Exercise :: Give back, unchanged, the lines from the one containing "Entièrement marqué sur" to the end of the listing, inclusive of both.

Data provided ::

[Start of section]

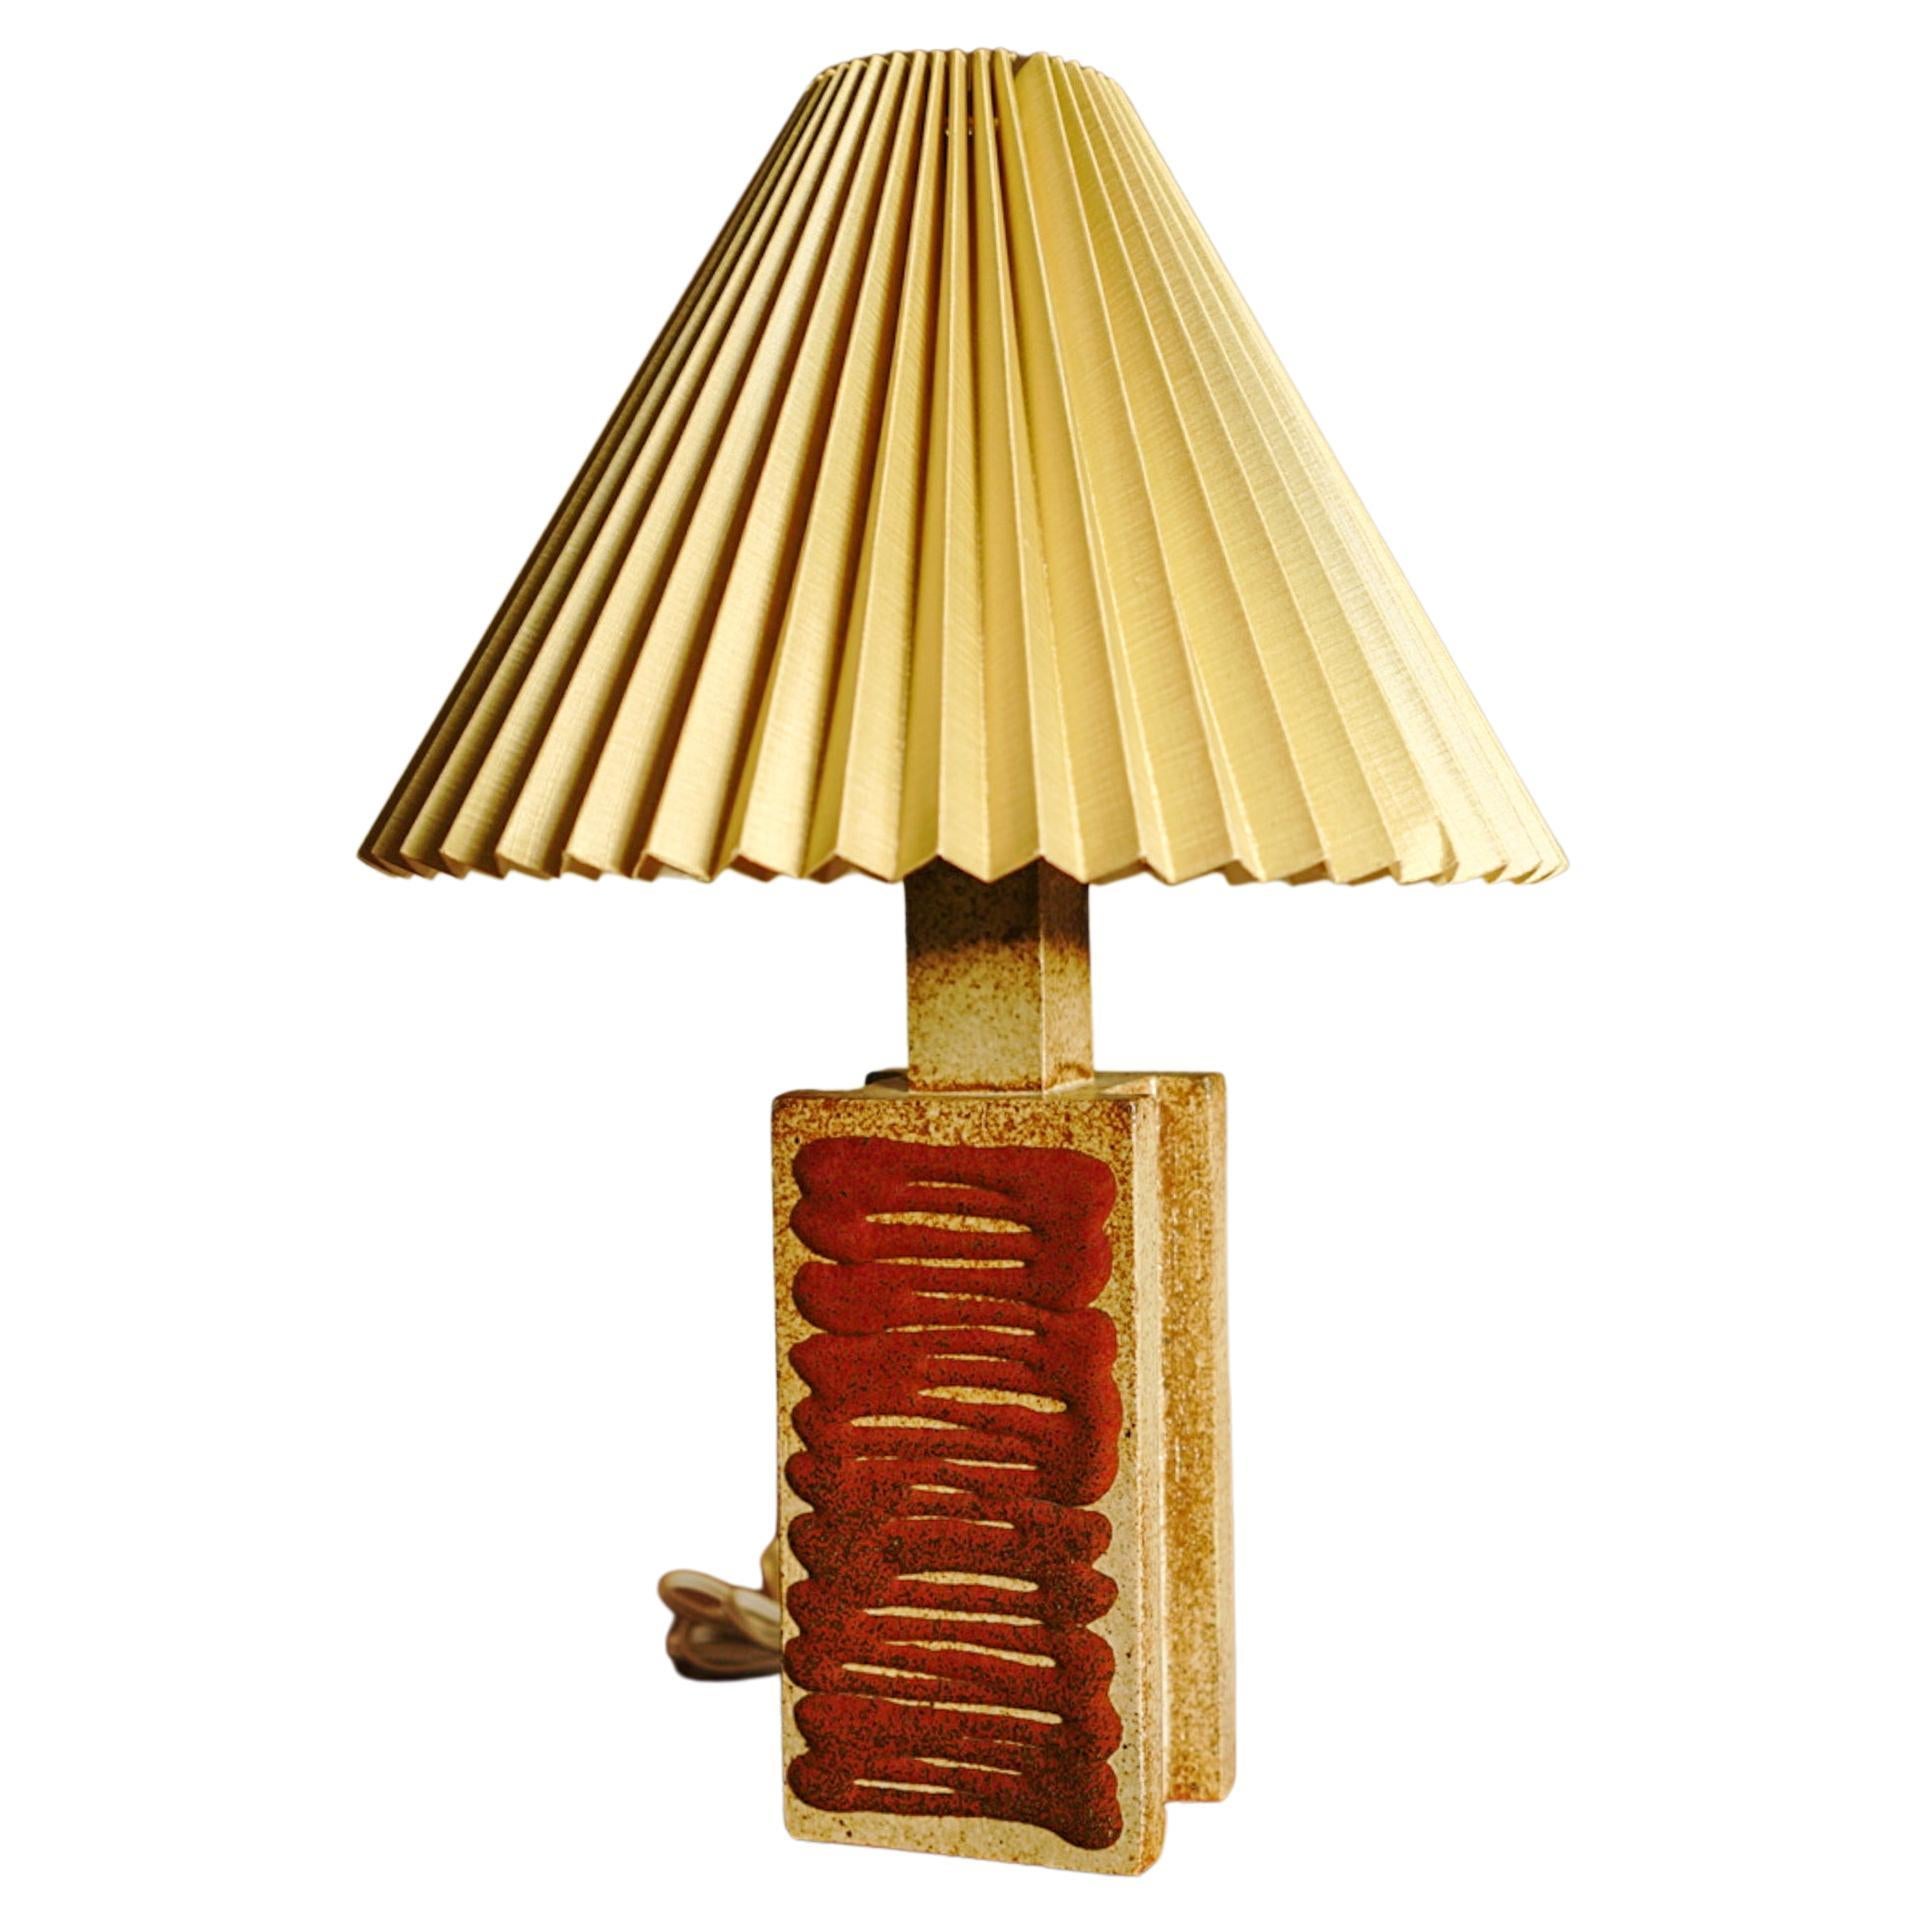 Lampe de table haute du milieu du siècle dernier du danois Palshus.
La lampe a été conçue par Per Linnemann-Schmidt et produite, vers les années 1960.

Entièrement marqué sur le fond. Longueur avec douille.

Ampoule : Pour raccord à vis Edison de

[End of section]

Response ::
Entièrement marqué sur le fond. Longueur avec douille.

Ampoule : Pour raccord à vis Edison de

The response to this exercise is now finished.